A UK Employment Tribunal has ruled that nurse Mary Onuoha was harassed and discriminated by her National Health Service hospital for wearing a cross, according to the British paper Catholic Herald.
Mary Onuoha worked at the surgery department at Croydon University Hospital in London. She told a court that once a member of the hospital’s board had stopped a patient’s surgery to reprimand her for wearing a cross. At the same time, an anesthesiologist was wearing a necklace and earrings. The hospital had also permitted for other employees to wear jewelry or other religious symbols (turbans or hijabs) or simply keychains.

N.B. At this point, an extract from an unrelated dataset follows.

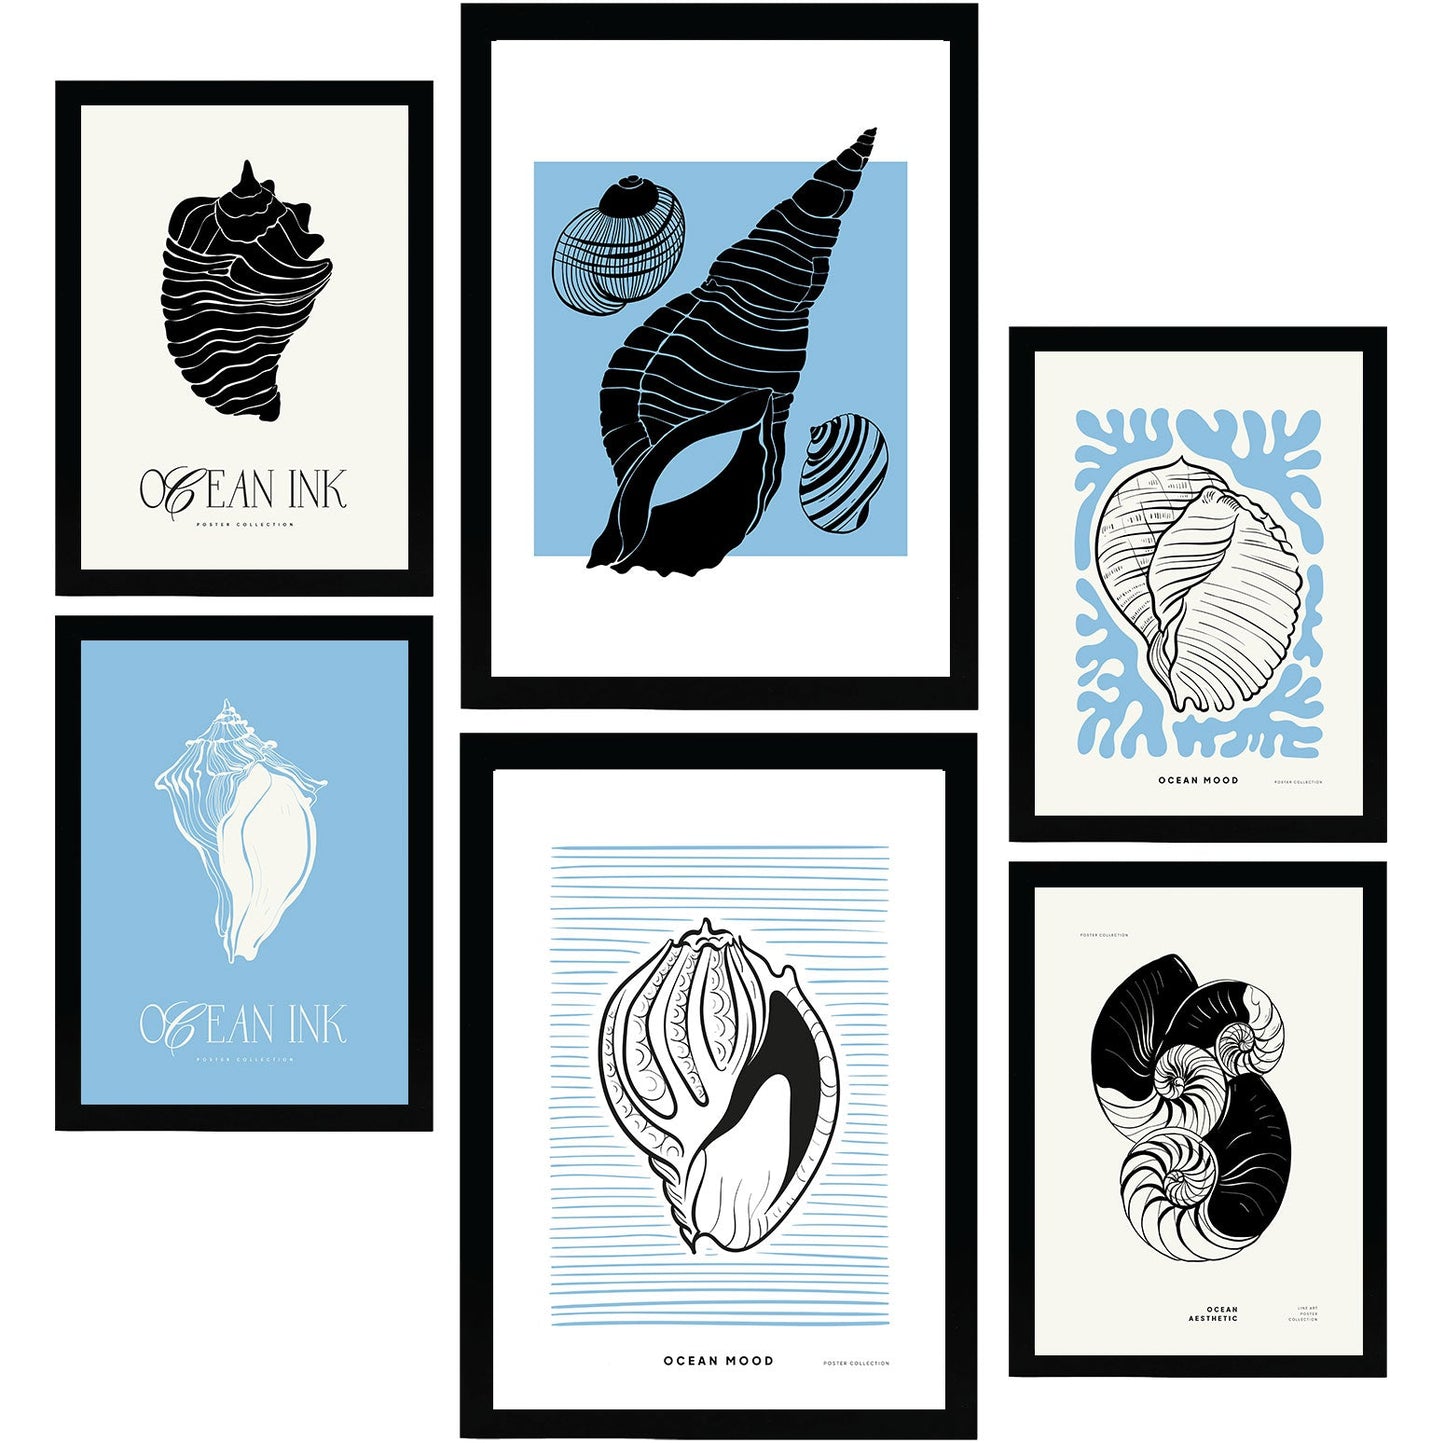 Thick Black Ink Posters. Sea Snail Shells. Artistic Marine Aesthetic-Artwork-Nacnic-Nacnic Estudio SL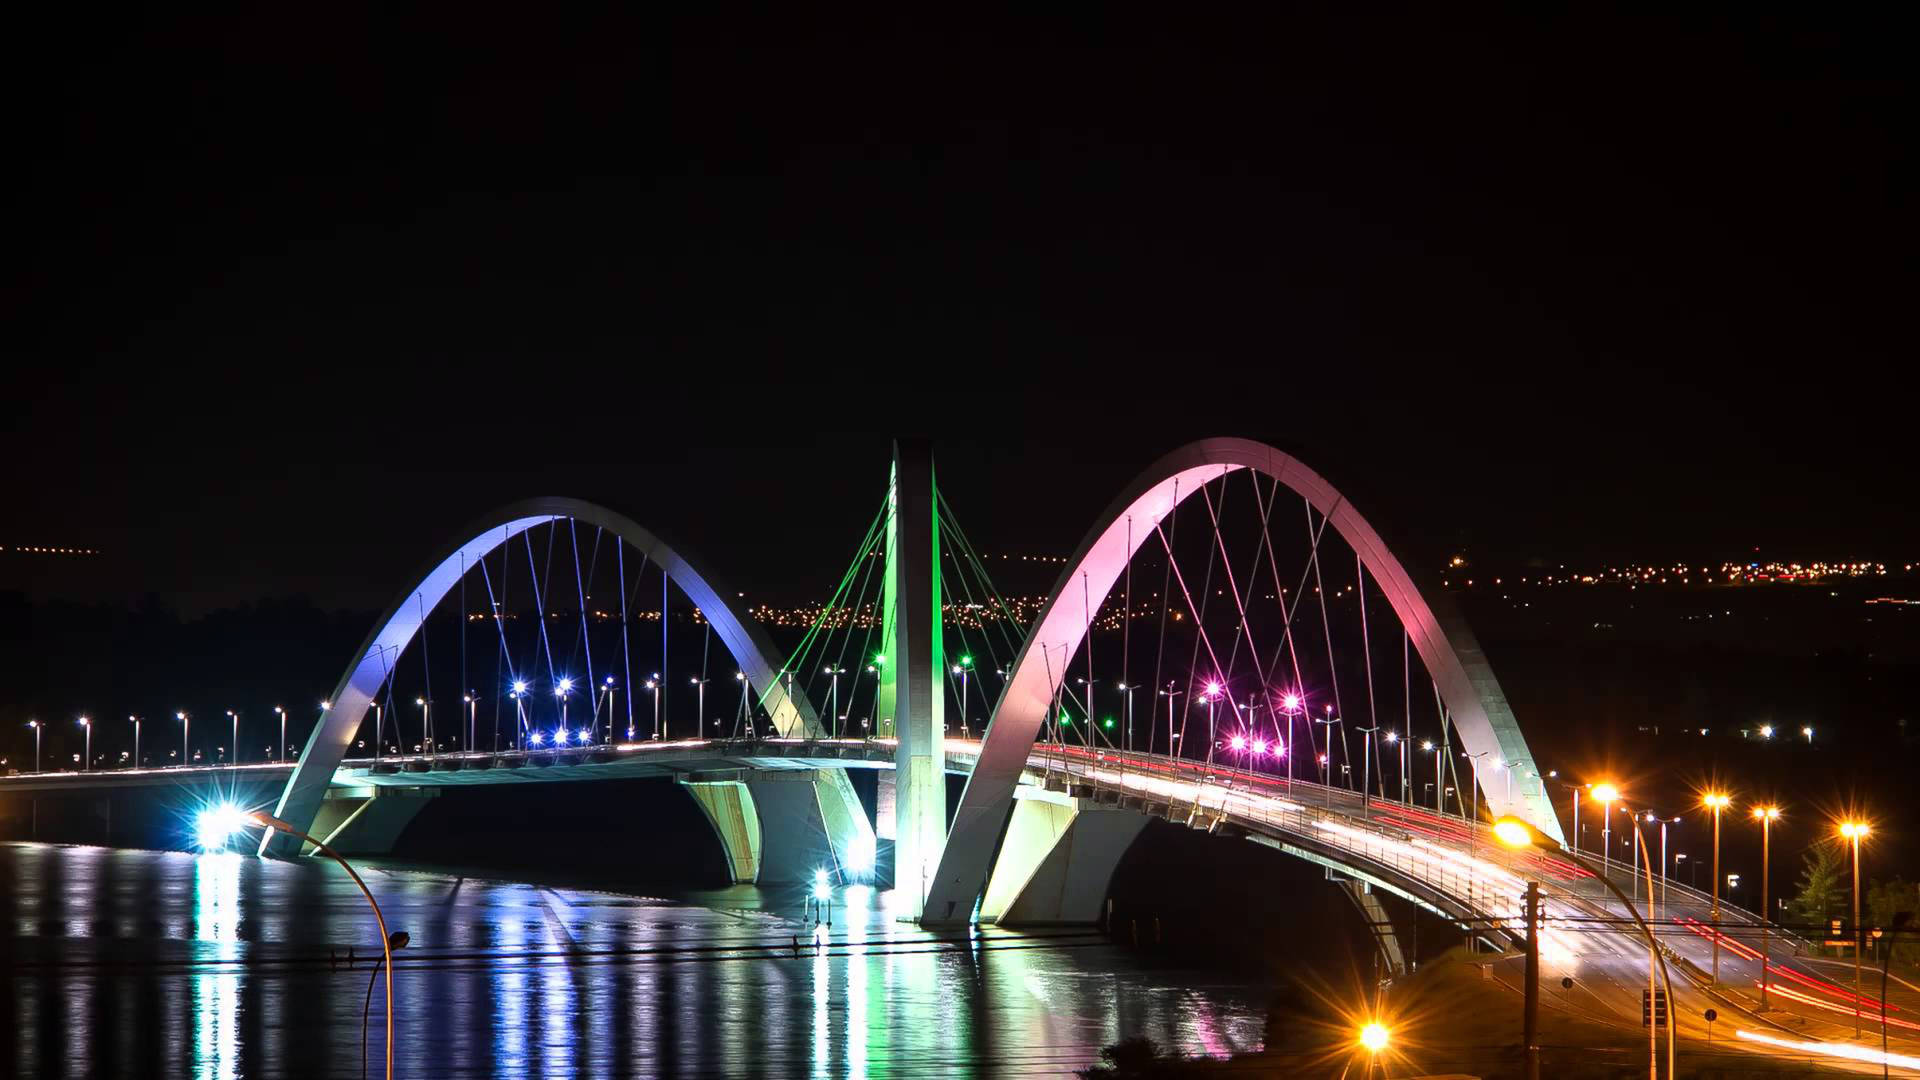 Scenic View Of The Iconic Juscelino Kubitschek Bridge In Brazil

The tribunal rejected the hospital’s claims that the cross’s ban was due to hygiene requirements. It accepted the opinion of a theologist, who pointed out that wearing a cross was a centuries’ long expression of faith and public expression of faith was an element of the Bible’s teachings.
“I don’t think I could do my job without the cross. I draw my strength from looking at the cross,” the nurse said.
“I am so proud to be a Christian, and I am proud to wear my cross. It’s part of my life, its part of me and I am happy to have it on,” she added.
Similar issues concerning the violation of religious freedom in the form of bans on wearing crosses have been reported in several workplaces in the UK for years. In 2010, the Archbishop of Canterbury had even spoken out about the issue.
Another outspoken situation was the case of Nadia Eweida, a British Airways employee at Heathrow Airport, who had also been forbidden from wearing a cross. The case reached the European Court of Human Rights, which declared that the ban had violated religious freedom.